| SUPPLIED INFORMATION |
▶

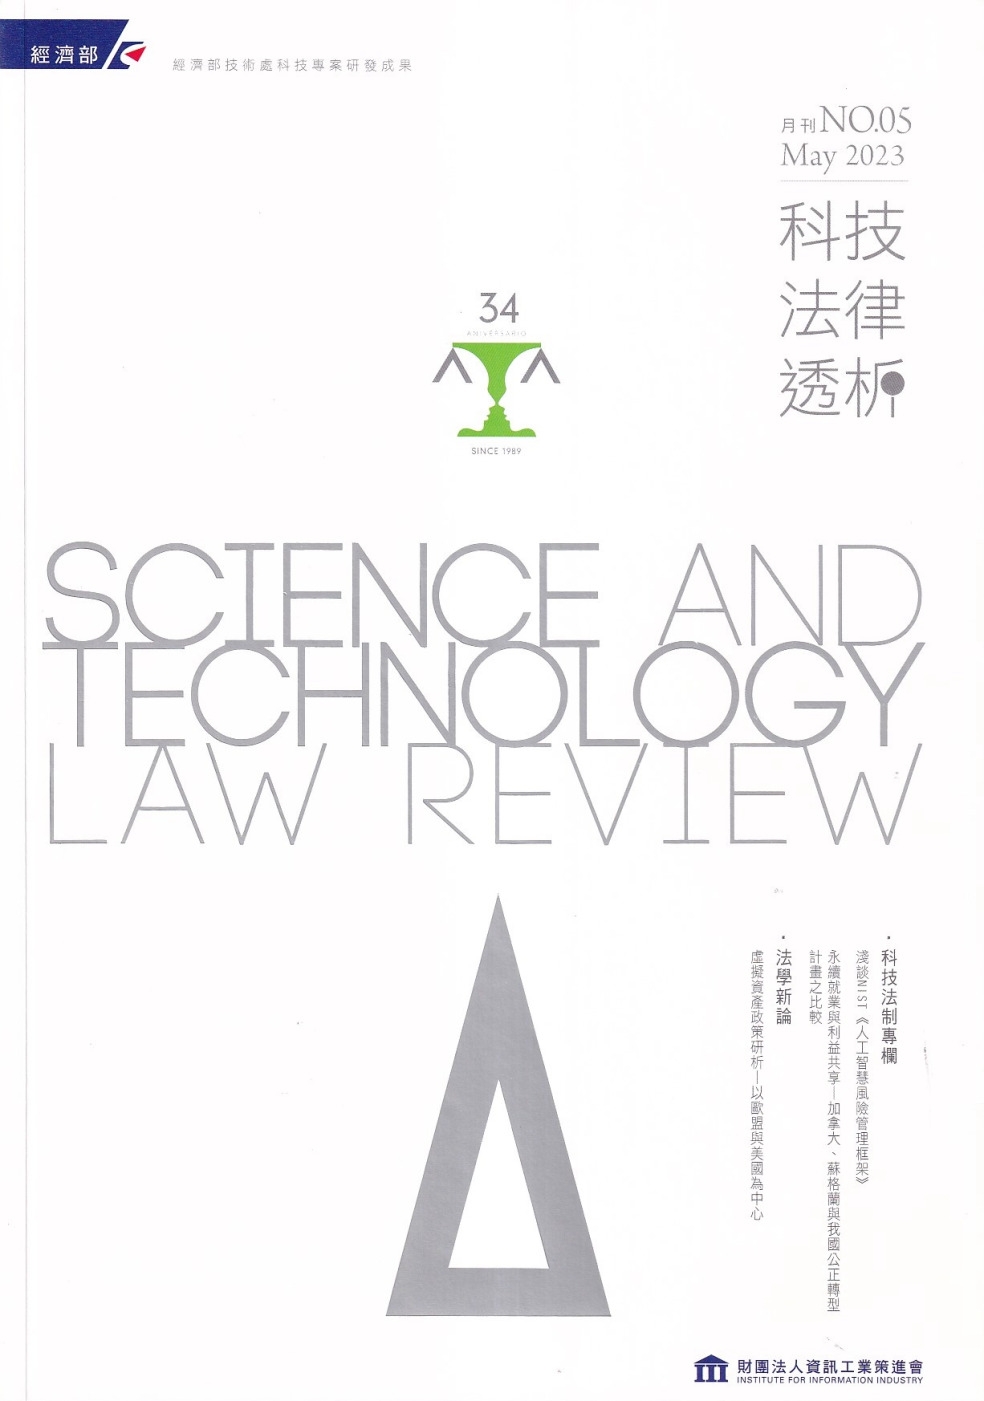 科技法律透析月刊第35卷第05期
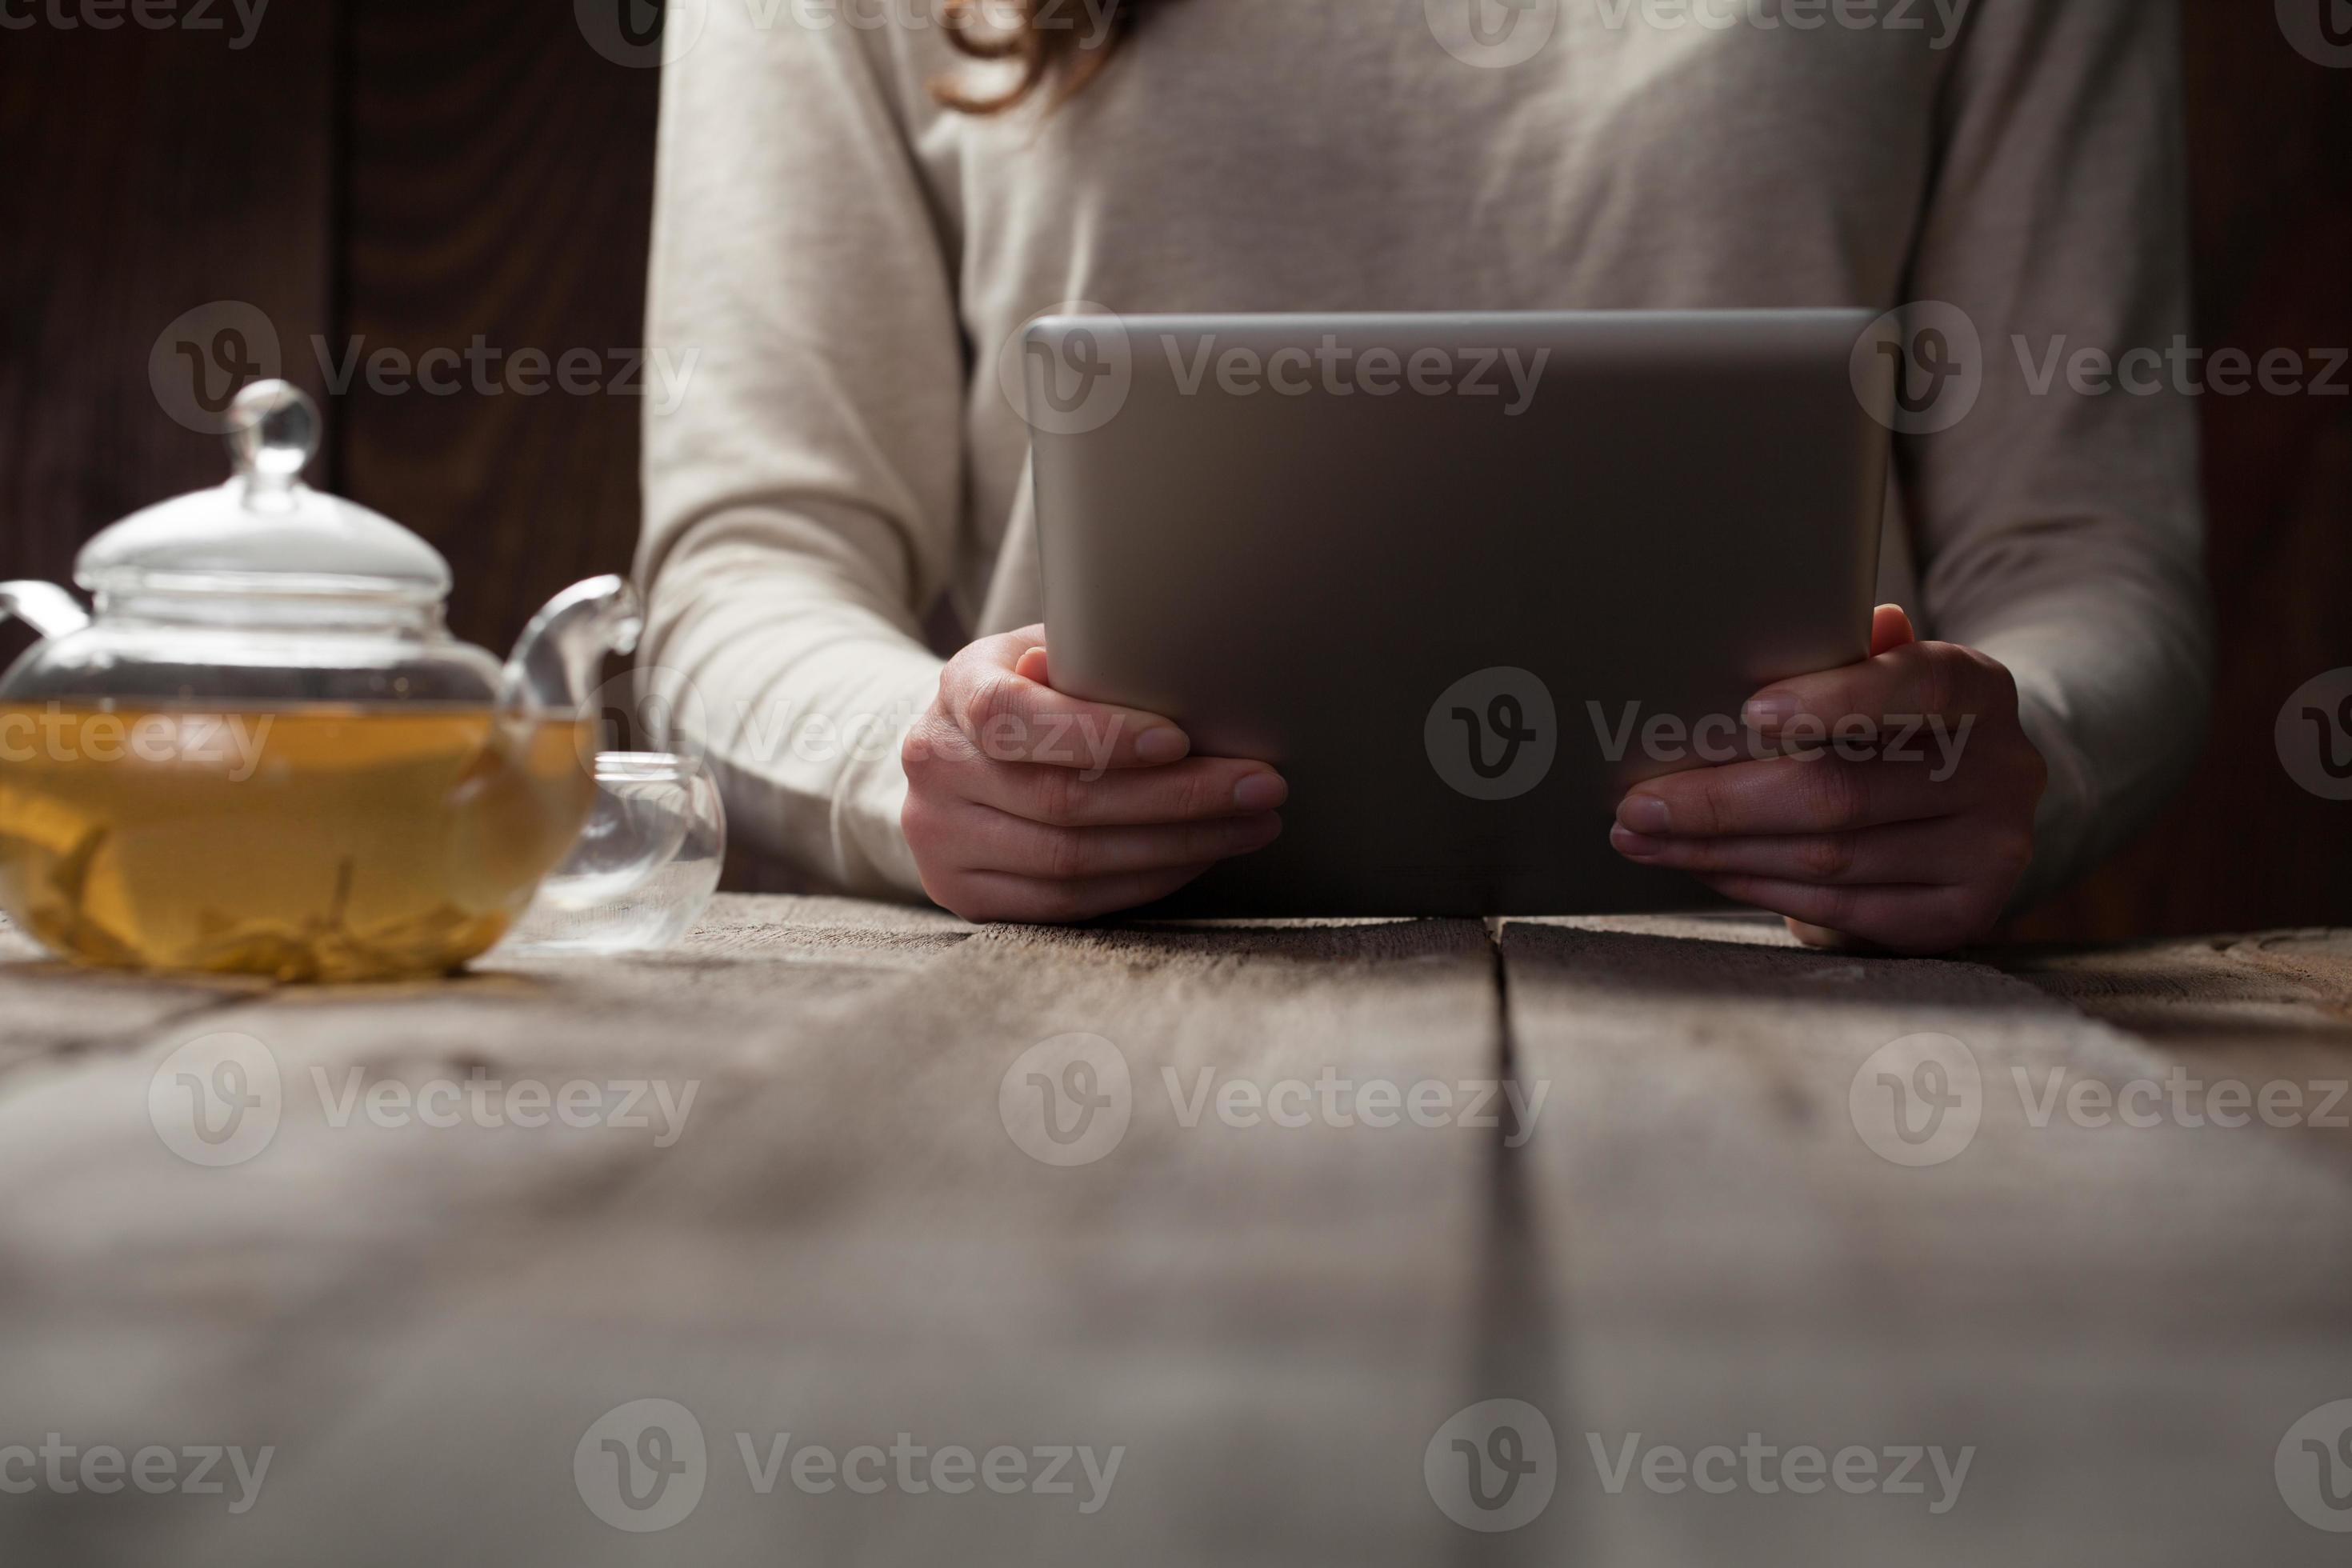 Bildschirm des digitalen Tablet-PCs auf Holztisch foto
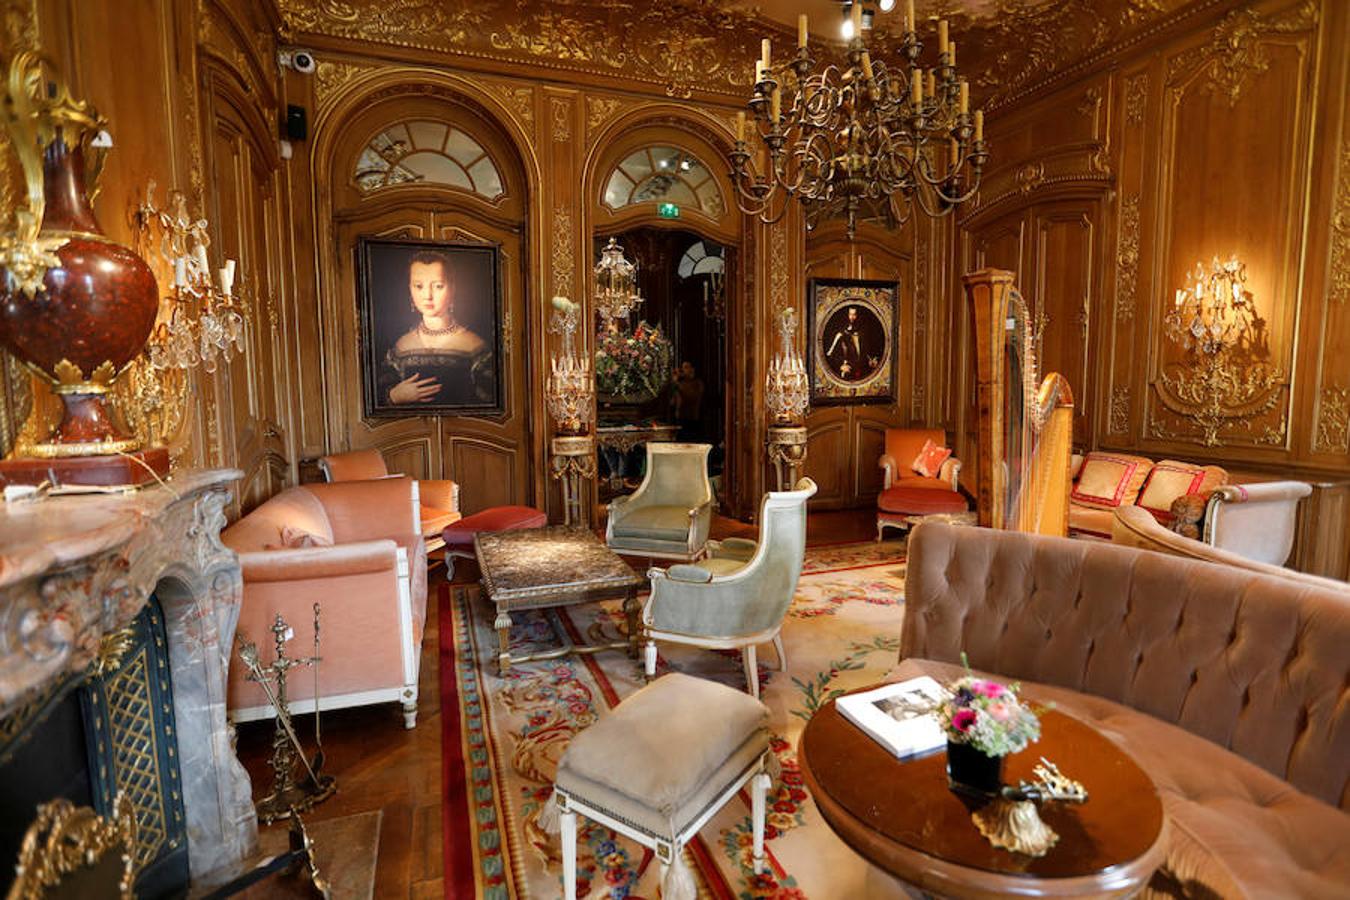 Desde una bañera del siglo XIX hasta unas zapatillas con su insignia, el legendario Ritz de París venderá a partir de este martes (y hasta el próximo 21 de abril) unos 10.000 objetos y muebles que marcaron su historia, en una subasta para fanáticos del glamur. Reabierto a mediados de 2016 después de cuatro años de obras, el hotel, cuya reputación se ha construido a base de albergar clientes de la talla de Ernest Hemingway, Marcel Proust y Coco Chanel, ha decidido desprenderse de buena parte de su antiguo mobiliario. Las estimaciones de la subasta organizada por Artcurial oscilan entre los 100 euros para unos alzapaños o unos plafones, hasta 10.000 euros para un par de monumentales esculturas de ninfas en bronce, que decoraban antaño el vestíbulo.

◀

| PROBLEM TO SOLVE |
Stop at the line containing "Bildschirm des digitalen" and include it. Everything from the first line of the material up to there is to be repeated exactly, leaving out pictures.

| WRITTEN REPLY |
 科技法律透析月刊第35卷第05期
 Bildschirm des digitalen Tablet-PCs auf Holztisch foto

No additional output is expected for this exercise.